Put x = 0.02 in the equation, we have

\(32 - 40(0.02) + 20(0.02)^{2} - 5(0.02)^{3} + \frac{5}{8}(0.02)^{4} - \frac{1}{32}(0.02)^{5}\)

\(32 - 0.8 + 0.008 - ...\)

= \(31.208 \approxeq 31.21\) 

(b) \(f(x) = x^{3} + qx^{2} + rx + 9\)

(x + 1) is a factor, hence, f(-1) = 0.

\(f(-1) = (-1)^{3} + q(-1)^{2} + r(-1) + 9\)

\(0 = -1 + q - r + 9\)

\(-8 = q - r ... (1)\)

(x + 2) has remainder -17, therefore f(-2) = -17.
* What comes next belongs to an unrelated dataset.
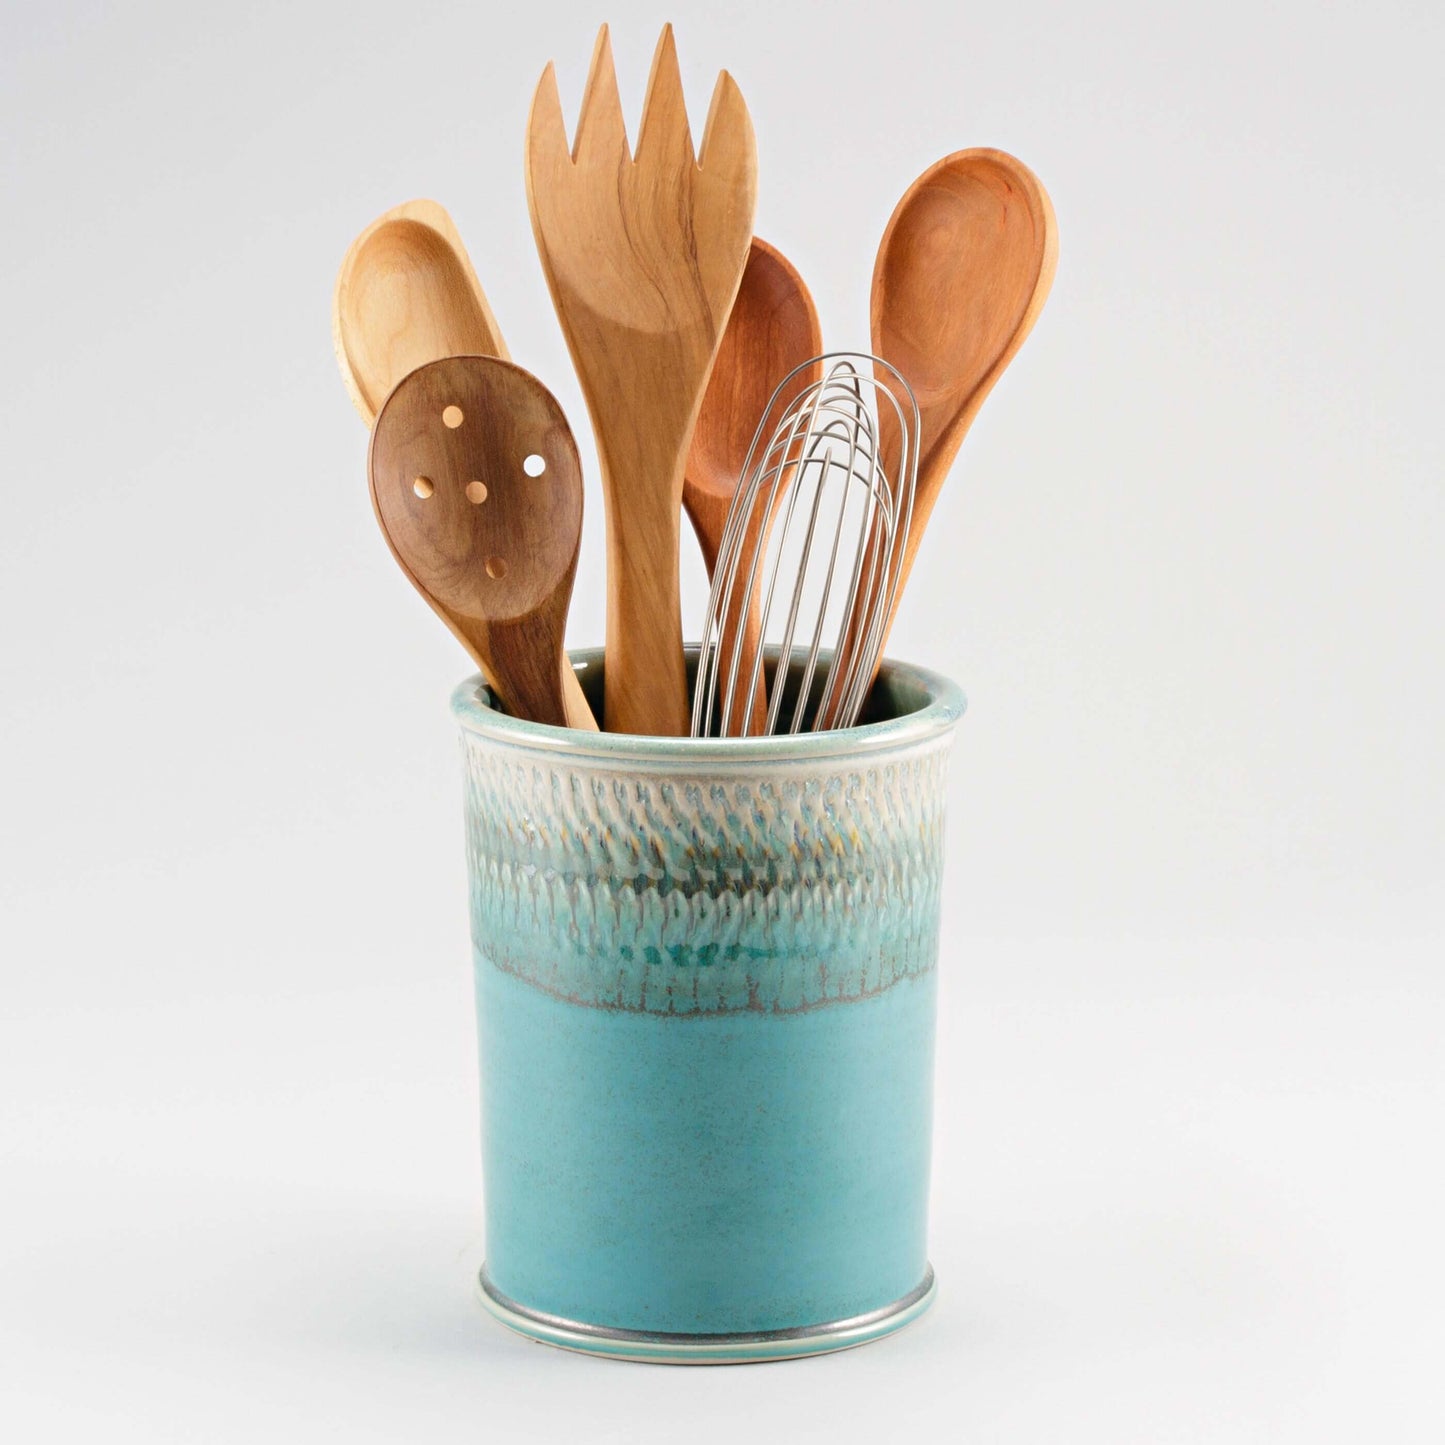 Handmade Pottery Utensil Holder in Green Oribe pattern made by Georgetown Pottery in Maine

\(-17 = (-2)^{3} + q(-2)^{2} + r(-2) + 9\)

\(-17 = -8 + 4q - 2r + 9\)

\(-18 = 4q - 2r \implies -9 = 2q - r ... (2)\)

From (1), r = q + 8.

\(\therefore 2q - q - 8 = -9\)

\(q = -1\)

\(r = -1 + 8 = 7\)

\((q, r) = (-1, 7)\)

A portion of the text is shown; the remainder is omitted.